Your objective:
Everything in the data except the pictures belongs in your answer, copied exactly.

Information supplied:
^^^^

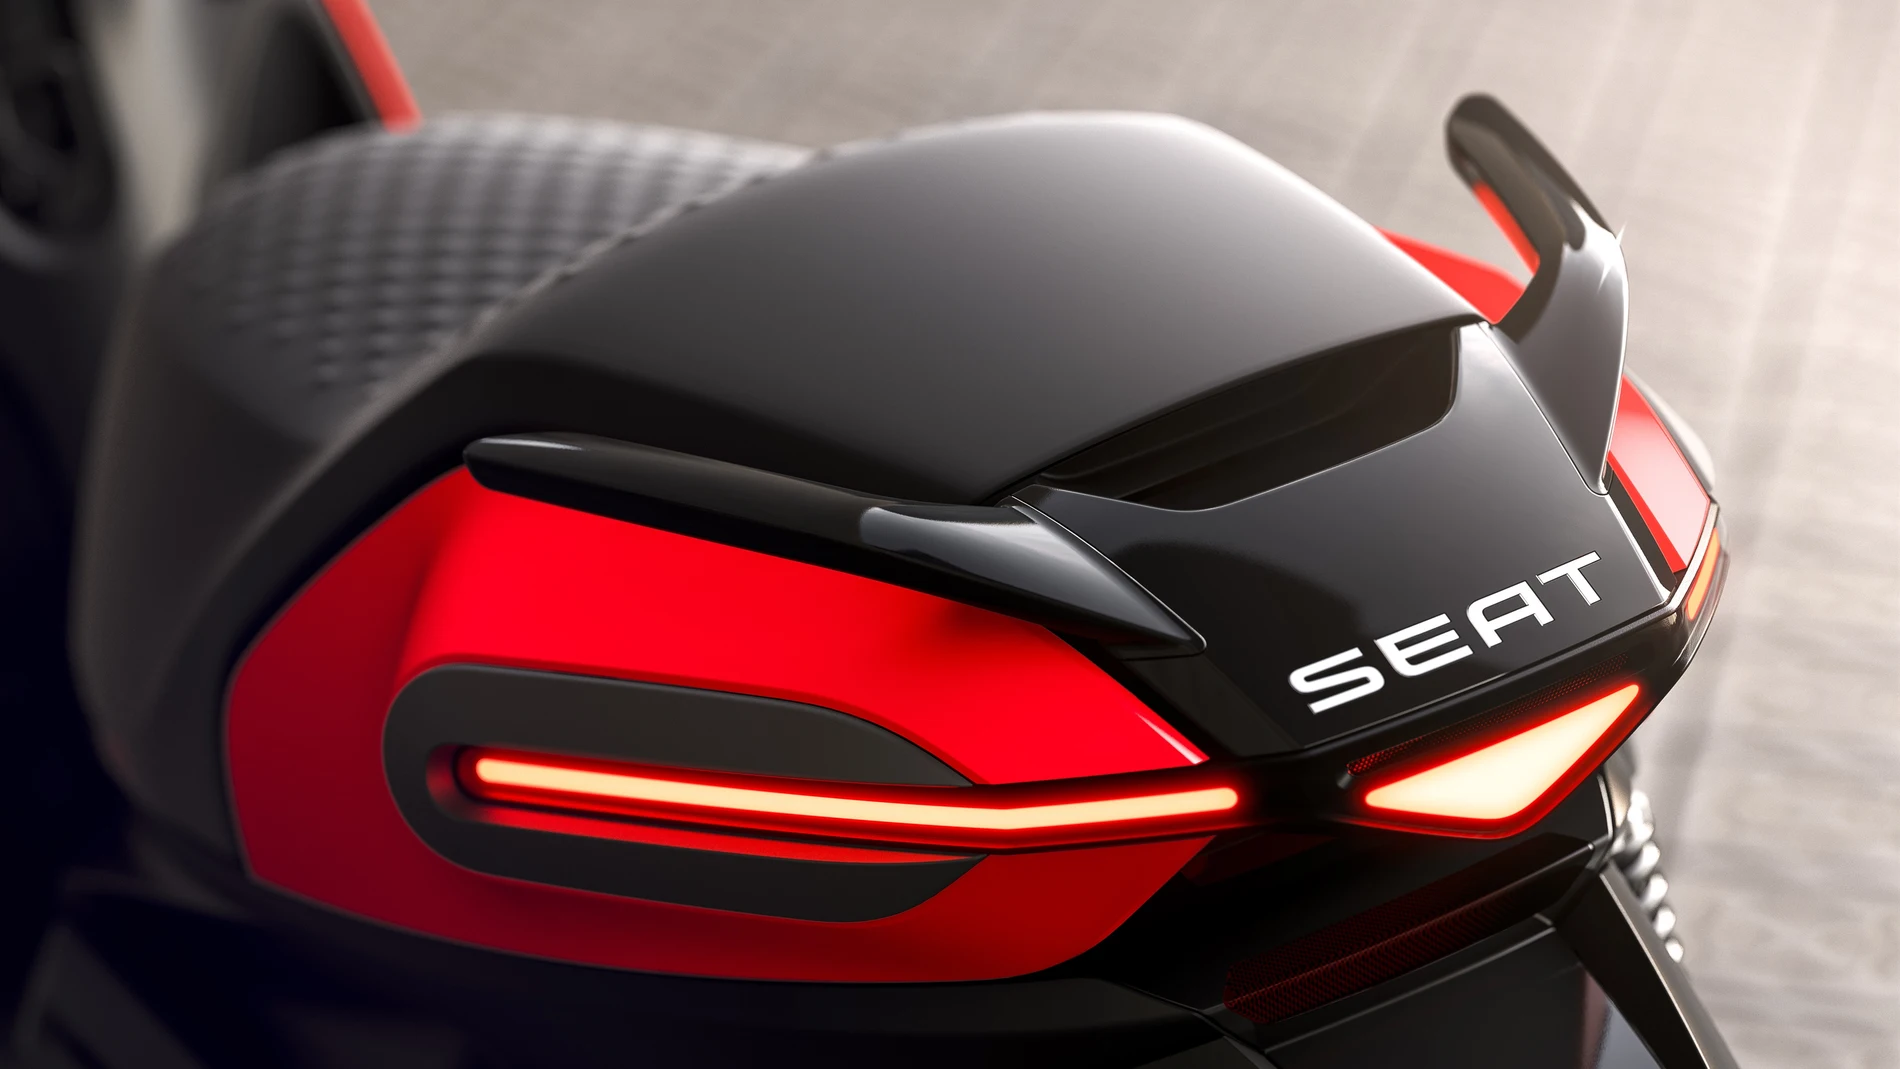 Economía/Motor.- Seat lanzará en 2020 su primera motocicleta eléctrica en colaboración con Silence
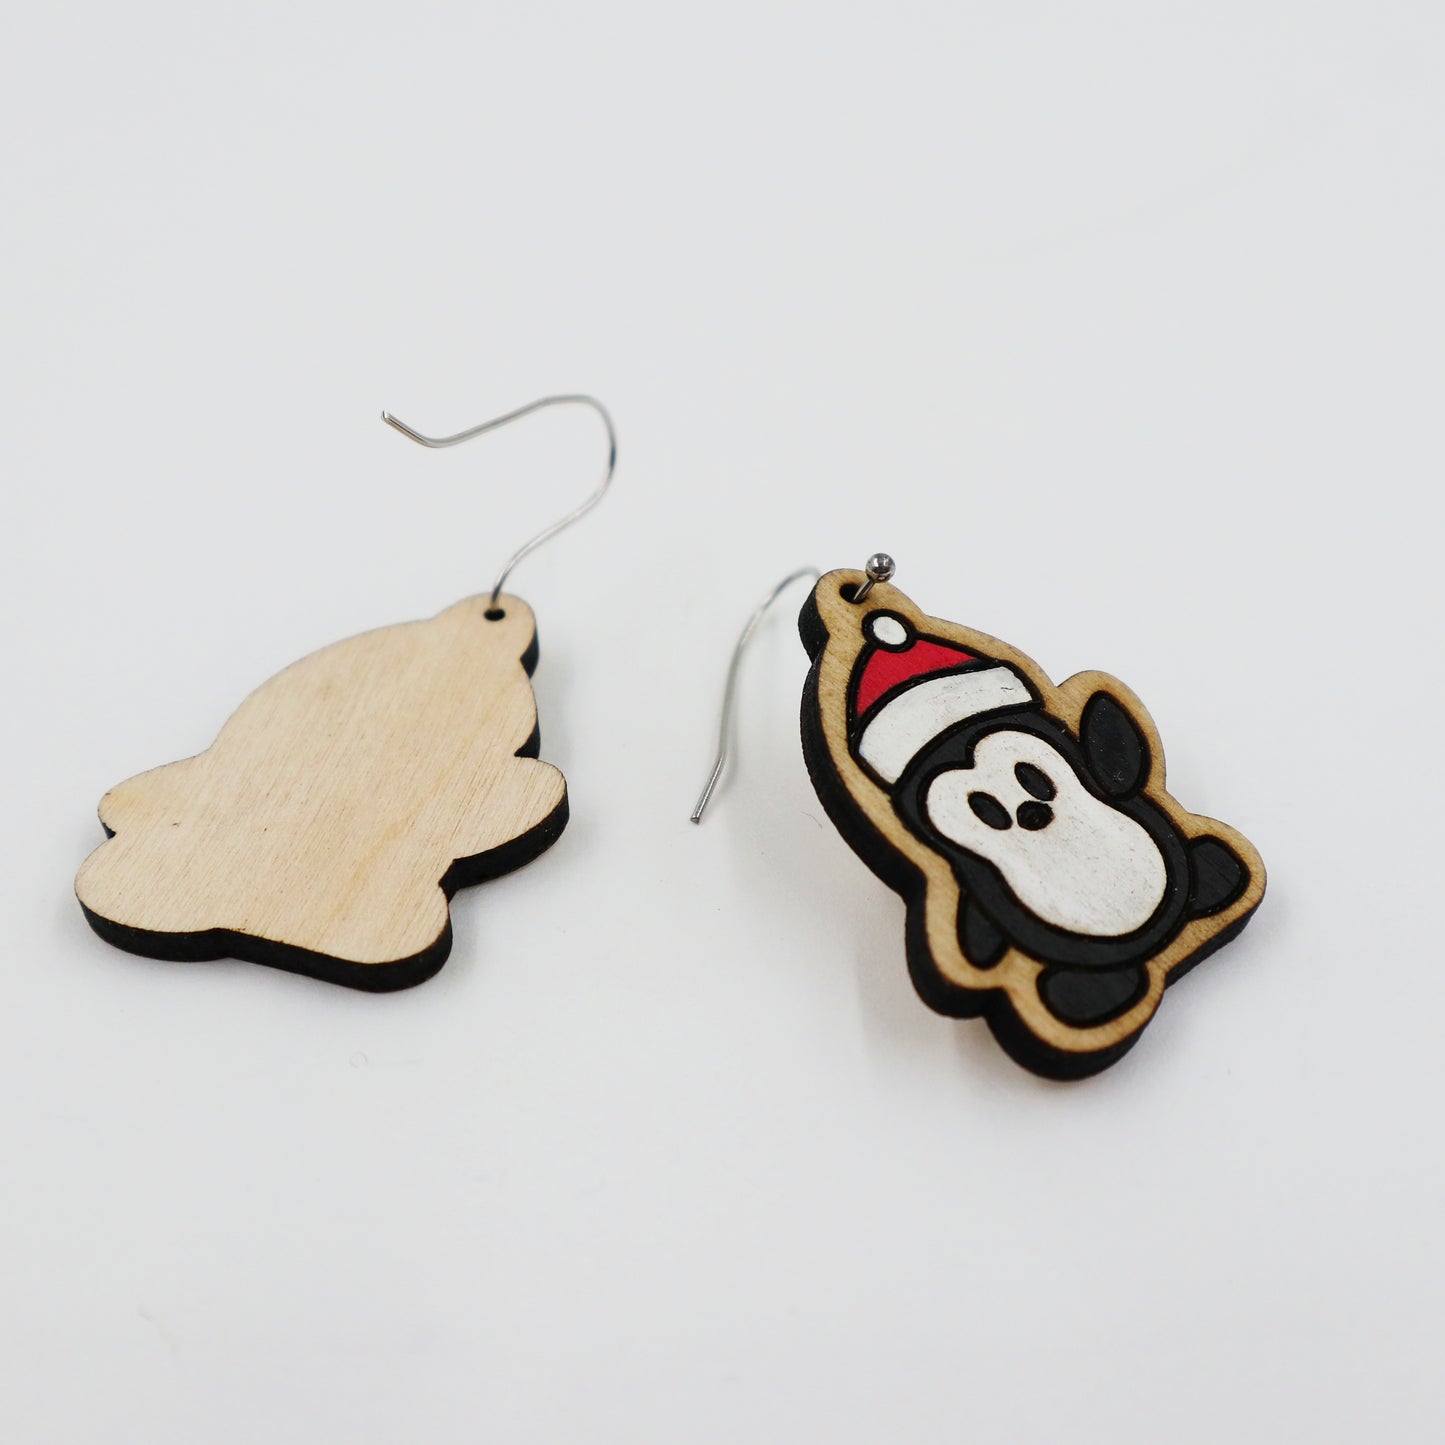 Wooden penguin Christmas earrings
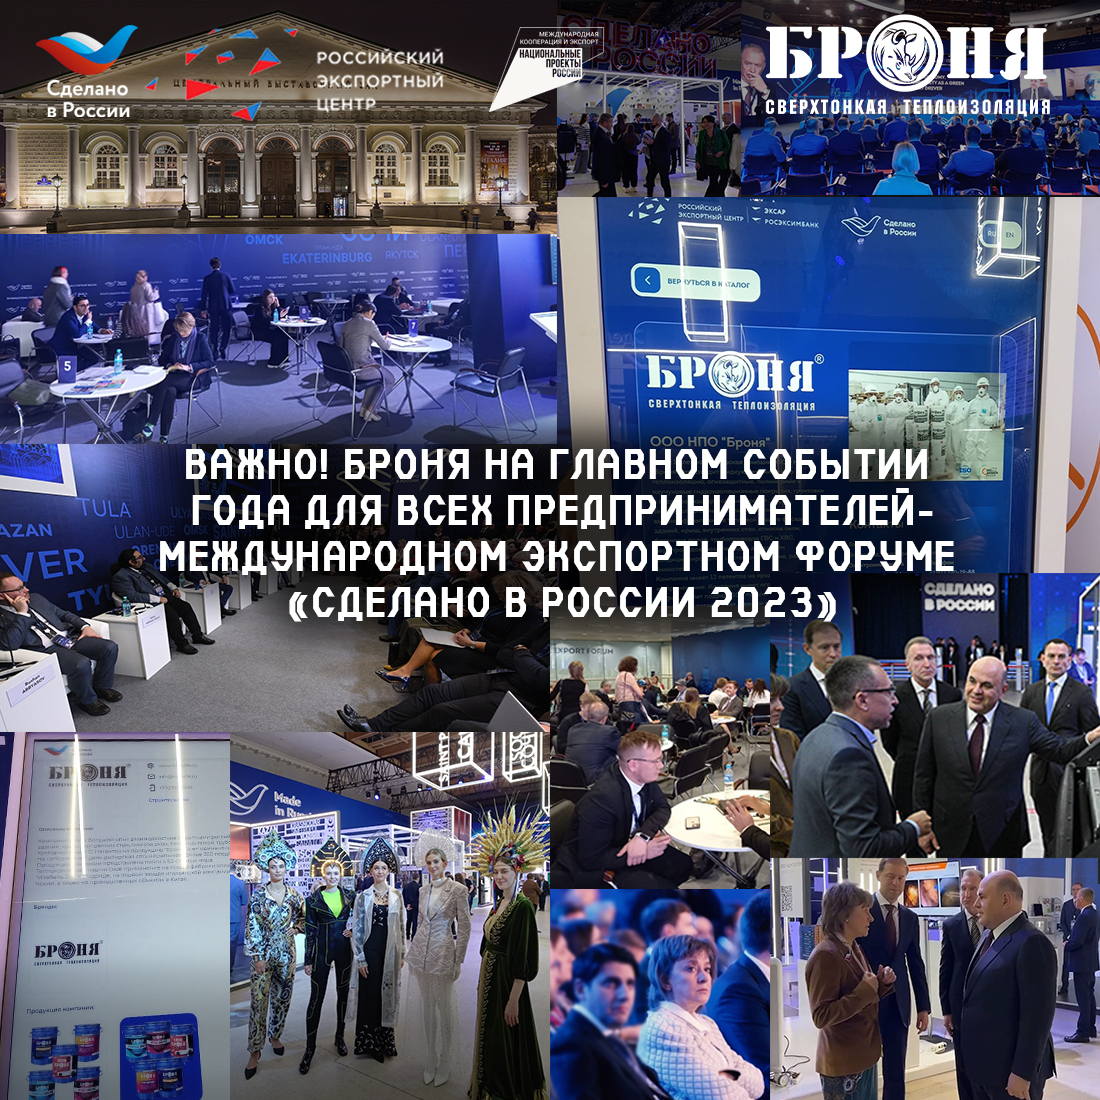 Важно! Броня На главном событии года для всех предпринимателей-Международном экспортном форуме «Сделано в России 2023» (фото)

^^^^

Answer below:
 Economía/Motor.- Seat lanzará en 2020 su primera motocicleta eléctrica en colaboración con Silence
 Wooden penguin Christmas earrings
 Важно! Броня На главном событии года для всех предпринимателей-Международном экспортном форуме «Сделано в России 2023» (фото)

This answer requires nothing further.